Terrestrial ferns. Rhizomes short, erect, scaly. Stipes 0.1-0.5 m long, yellow-brown, base scaly. Laminae 0.25-0.9 × 0.15-0.5 m, light green, 3-pinnate, ovate, thin,; veins reticulated along midribs but free elsewhere, Pinnae widely spaced; most lower secondary pinnae stalked or sessile. Ultimate segments 5-15 × 3-5 mm, oblong, apices deeply toothed, margins almost smooth. Sori continuous along pinna margins on a marginal vein, protected by a membranous inrolled pinna margins.
Pteris macilenta is most similar to P. saxatilis which is rather like a diminutive form of it. Pteris saxatilis differs from P. macilenta by the very widely spaced primary and secondary pinnae; laminae 0.15-0.5 × 0.12-0.25 m, and the ultimate segments up to 15 × 5 mm. Although Brownsey & Smith-Dodsworth (2000) state that intergrades exist between P. macilenta and both P. comans and P. saxatilis, this seems more likely to refer to hybrids between the latter two species as P. macilenta is genetically distinct from both P. comans and P. saxatilis and unable to hybridise with them (J.E. Braggins pers. comm.). The New Zealand form of Pteris comans differs from both P. macilenta and P. saxatilis by the coriaceous (leathery) fronds, reticulate venation, overlapping pinnae and large ultimate segments
Not applicable - spore producing
Not applicable - spore producing
Easily grown from fresh spores and young plants transplant readily. Prefers semi-shade in garden settings, planted into a moist, rich free draining soil. Can be cold sensitive
pteris: A fern known to the ancient Greeks; from the Greek pteris
The unpublished work of J.E. Braggins suggests that the name P. macilenta as applied by Allan (1961) and other authors is incorrect and that this name is actually the first legitimate name for the fern known as P. saxatilis. His work suggests that the correct name for the plant called here P. macilenta is in fact P. pendula Colenso. However, until such time as that research is published, and in line with other published works (e.g., Brownsey & Smith-Dodsworth 2000), the current usage of the names P. maclienta and P. saxatilis are retained.
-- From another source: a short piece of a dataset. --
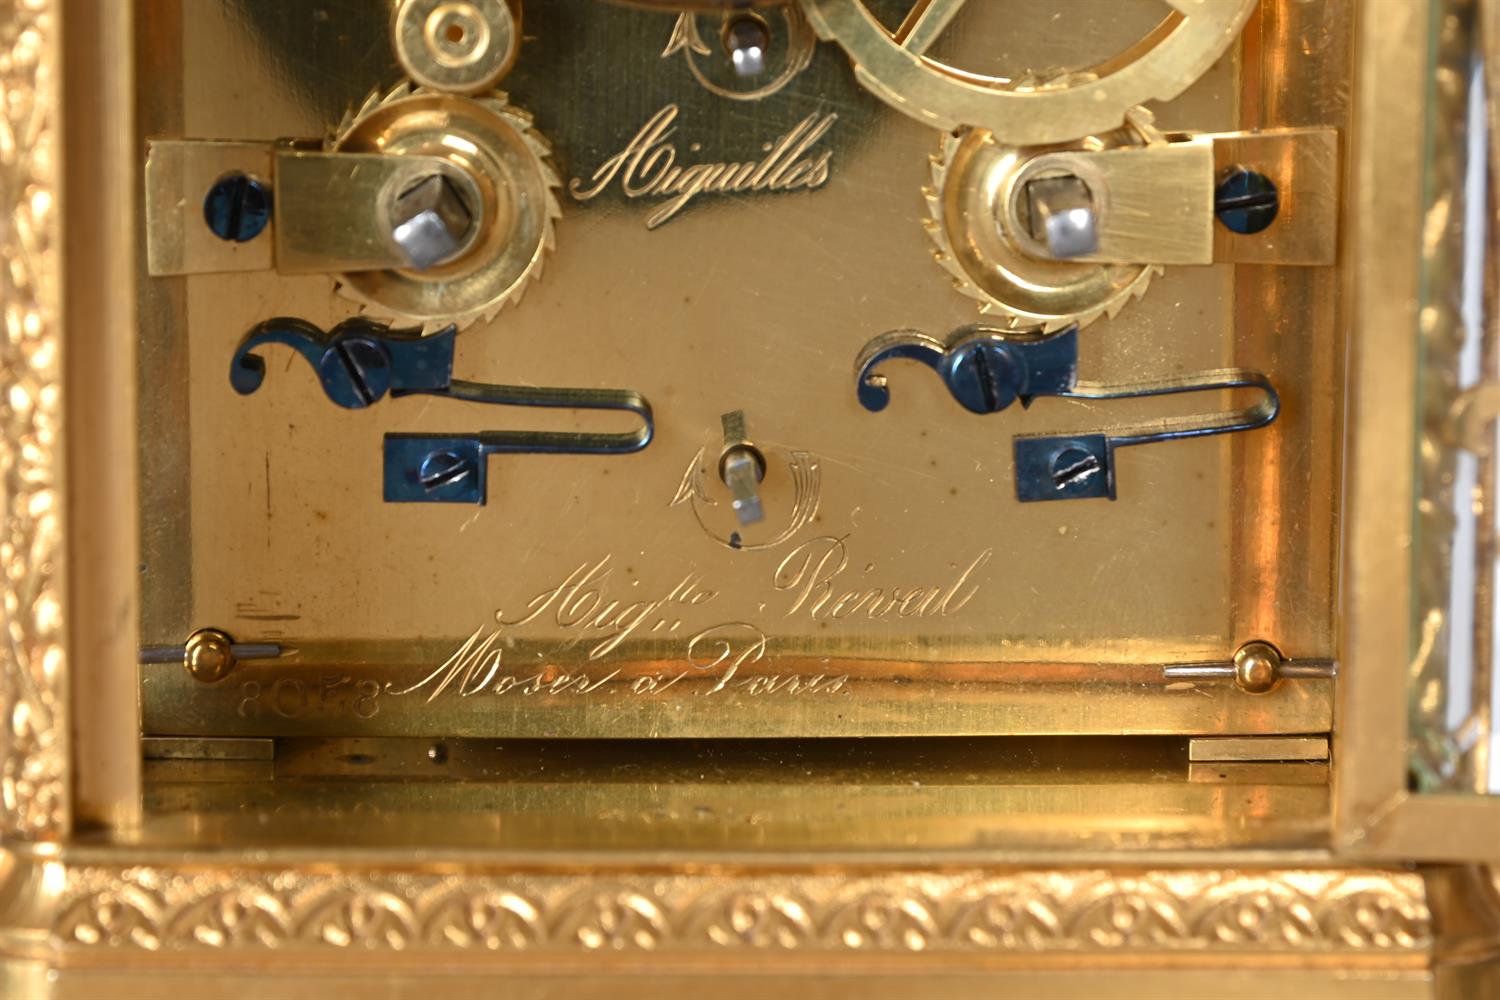 AN UNUSUAL FRENCH PORCELAIN PANEL MOUNTED GILT BRASS ALARM CARRIAGE CLOCK IN A ONE-PIECE CASE - Image 7 of 8

Fact sheet prepared for NZPCN by P.J. de Lange (17 January 2012). Description adapted from Brownsey & Smith-Dodsworth (2000).
References and further reading
Allan, H.H. 1961: New Zealand Flora. Vol. I. Wellington, Government Printer.
Brownsey, P.J.; Smith-Dodsworth, J.C. 2000: New Zealand Ferns and Allied Plants. Auckland, David Bateman.
Wilson, H. 2009: Natural History of Banks Peninsula. Christchurch, Canterbury University Press.
NZPCN Fact Sheet citation
Please cite as: de Lange, P.J. (Year at time of access): Pteris macilenta Fact Sheet (content continuously updated). New Zealand Plant Conservation Network. https://www.nzpcn.org.nz/flora/species/pteris-macilenta/ (Date website was queried)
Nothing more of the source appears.